コラム

低山から高山まで、 仲間の親子と登る山々で出会ったこと、思索したこと、 憧れること、悔やむこと、 そして嬉しかったことを綴ります。 親子山学校を貫くインティメイトな山の世界・・・。

井上ひさしさんと筆者(2003年、イタリア・ボローニャ)


第八回「拝啓 井上ひさし様」

 拝啓 井上ひさし様
ご無沙汰しております。井上さんがあちらに
旅立たれて何年になるでしょうか。現世では
大変お世話になりました。井上さんと初めて
仕事をしたのは二〇〇三年十二月でしたね。
テレビ番組の取材でイタリアの古都ボローニ
ャをご一緒しました。田舎の芝居小屋で撮影
の準備をしていた時のことです。井上さんは
客席に座って静かに取材ノートをつけていま
した。私はその年、テレビの仕事の一方で親
子登山の活動を始めたばかりでした。

 「親子登山の良い指南書がないので、その
手の本を書くのが夢なんです」と私がスタッ
フに話しかけていると、それを聞いていた井
上さんが顔を上げ、「関さん、それは是非おや
りなさい」と言ったあと次のように続けました。
「ただし、良い本というのは文章だけで伝え
られるものです。写真や図に頼ることなく、
言葉の力でどれだけ表現できるかが大事ですよ」

 九年後、私は念願の本を出しました。この
本を真っ先に見てほしかった井上さんは、出
版に先立つ二年前に旅立たれていました。山
の指南書という性格もあって、写真やイラスト
入りの本でした。

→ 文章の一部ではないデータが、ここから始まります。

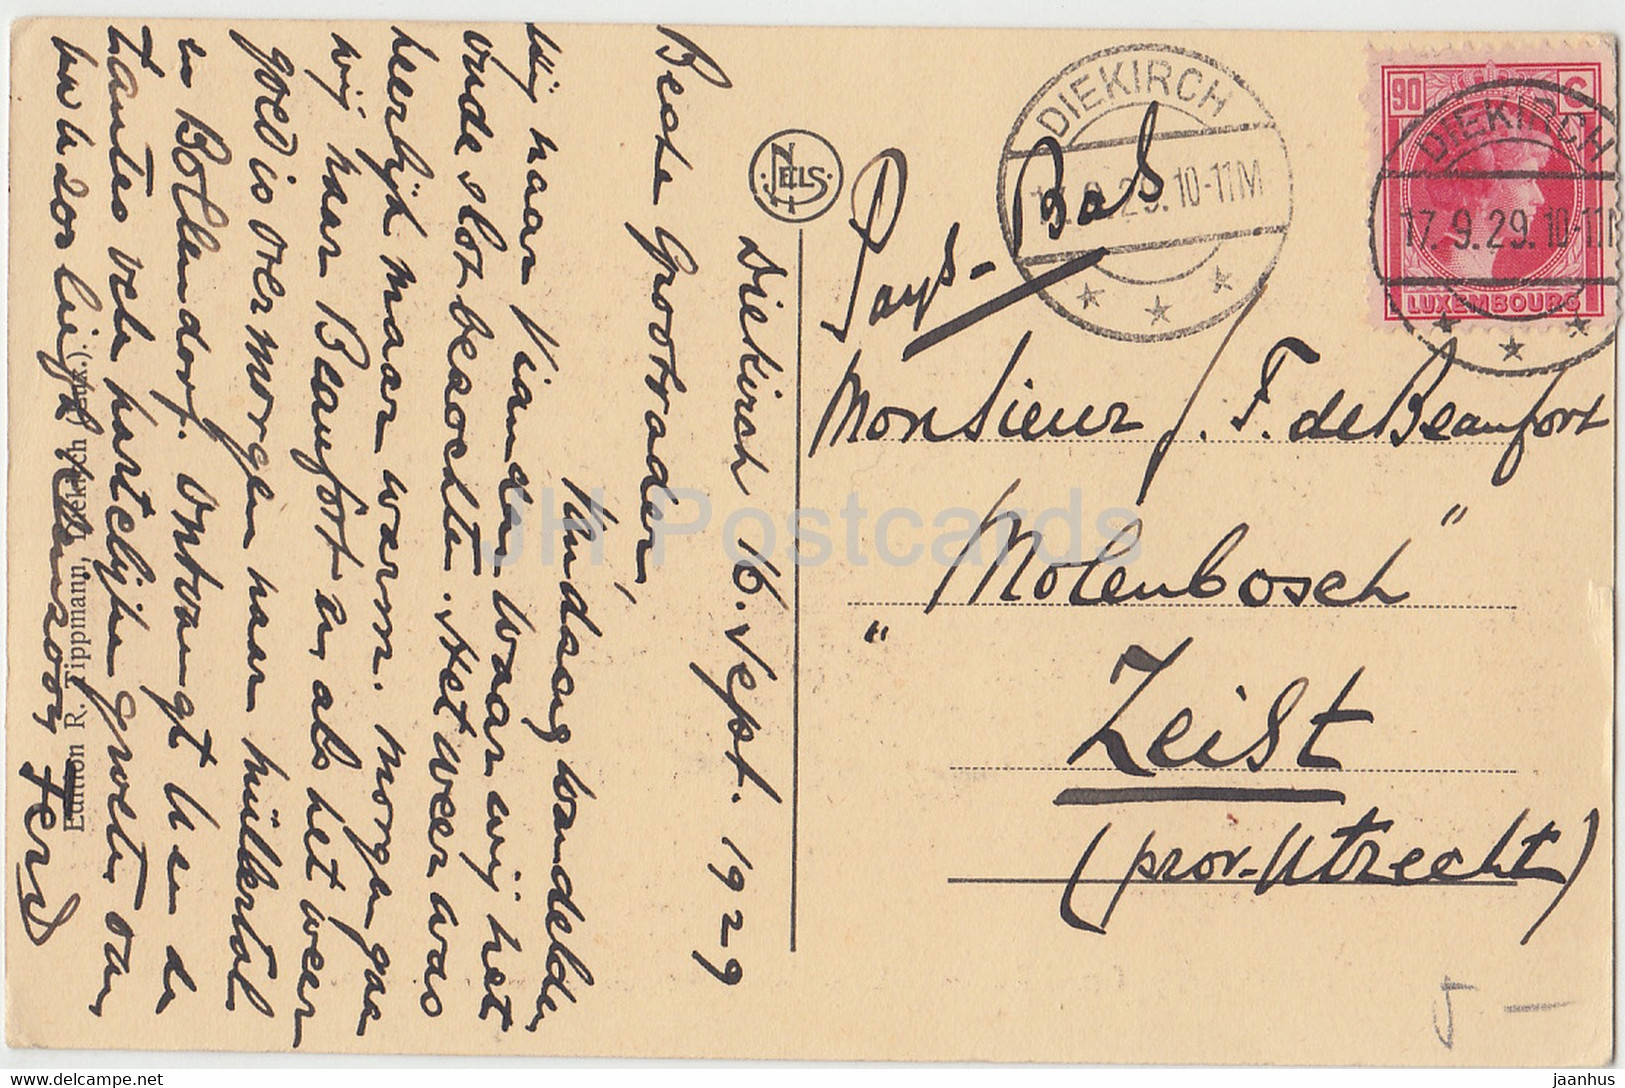 Grand Duche De Luxembourg - Chateau Granducal De Colmar Berg - Castle - Old Postcard - 1929 - Luxembourg - Used - Burscheid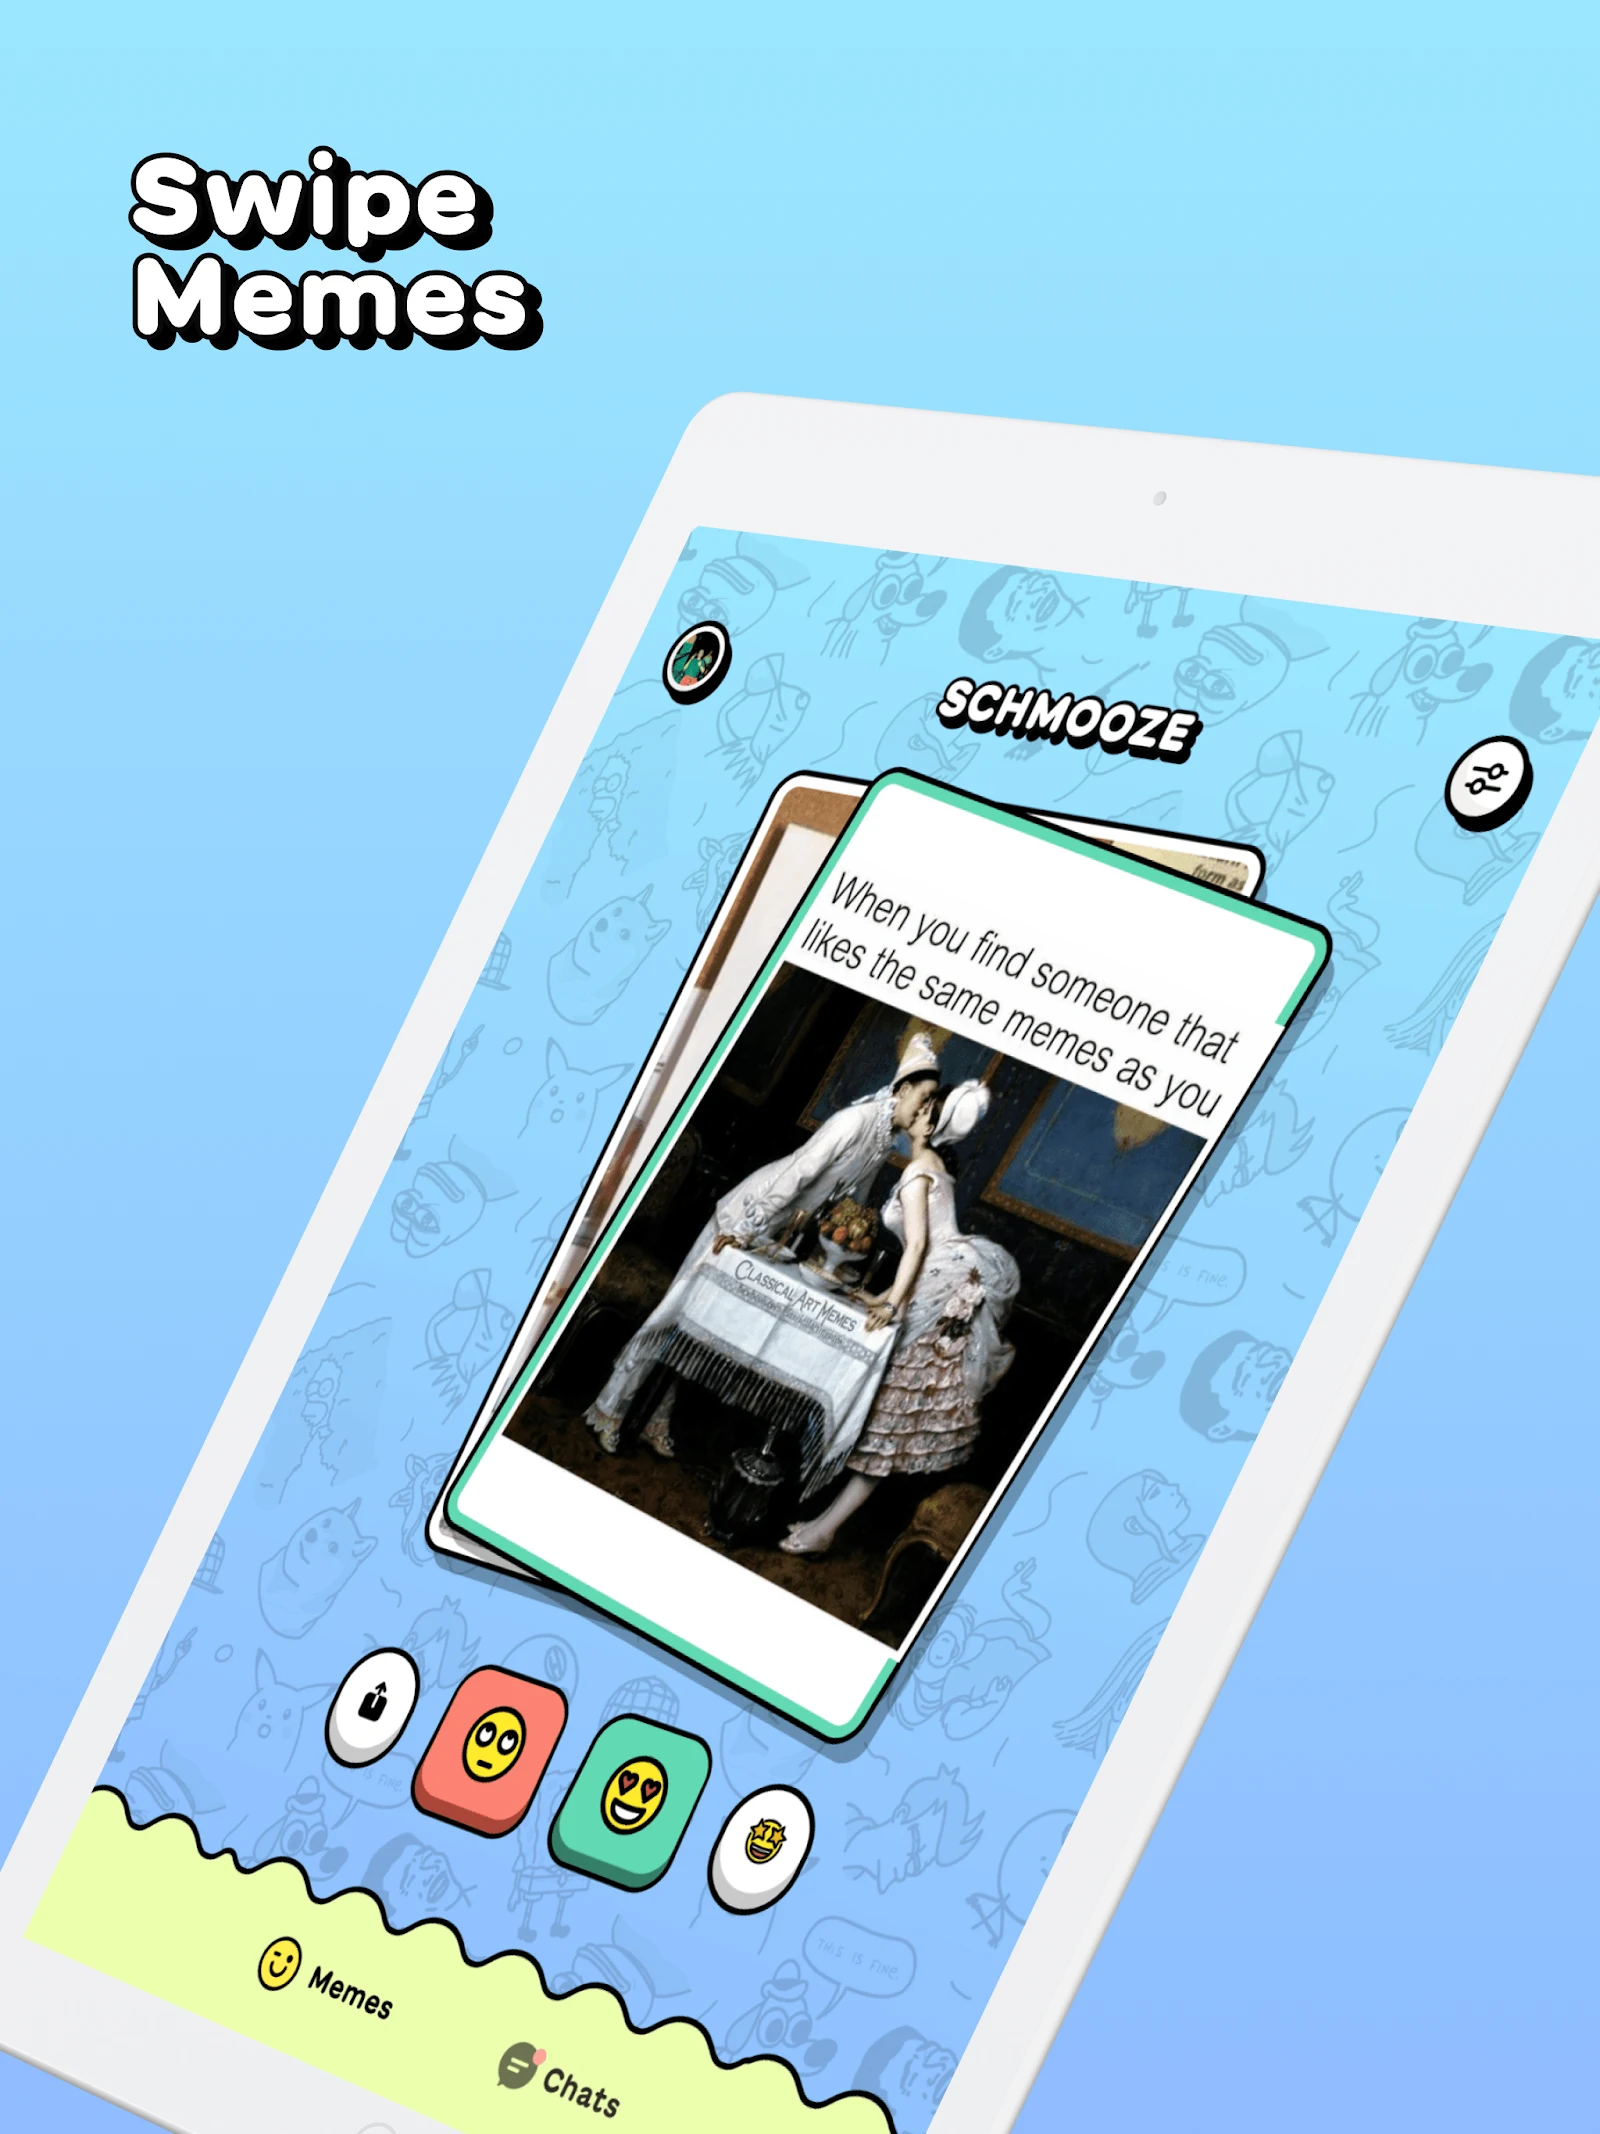 Memes meets Tinder, find a match based on memes

井上さんの教えを守れなか
った恥ずかしさはあったけれど、私は頑張っ
て書きました。

 さらに年月が過ぎました。私の山学校に通
う六年生が、登山にちなんだ研究発表でスク
リーンに画像を映しながら発表したいと言っ
てきました。私はそれを却下しました。「あ
なたの原稿はとてもよく書けているのだから、
それを読み上げるだけで大丈夫。画像を見せ
ればそっちに引きずられて言葉の力が半減し
ます。言葉の力を信じなさい」と言って発表
させました。

 あれから二十年。井上さん、私も子どもた
ちも余計なものは極力省きながら、今でも山
登りを続けています。

(初出:月刊『女性のひろば』2024年3月号)

■井上ひさしプロフィール(井上ひさし公式サイトより)
https://www.inouehisashi.jp/profile.html
■関連図書
『ボローニャ紀行』井上ひさし(文藝春秋・文春文庫)


文:関 良一(親子山学校主宰)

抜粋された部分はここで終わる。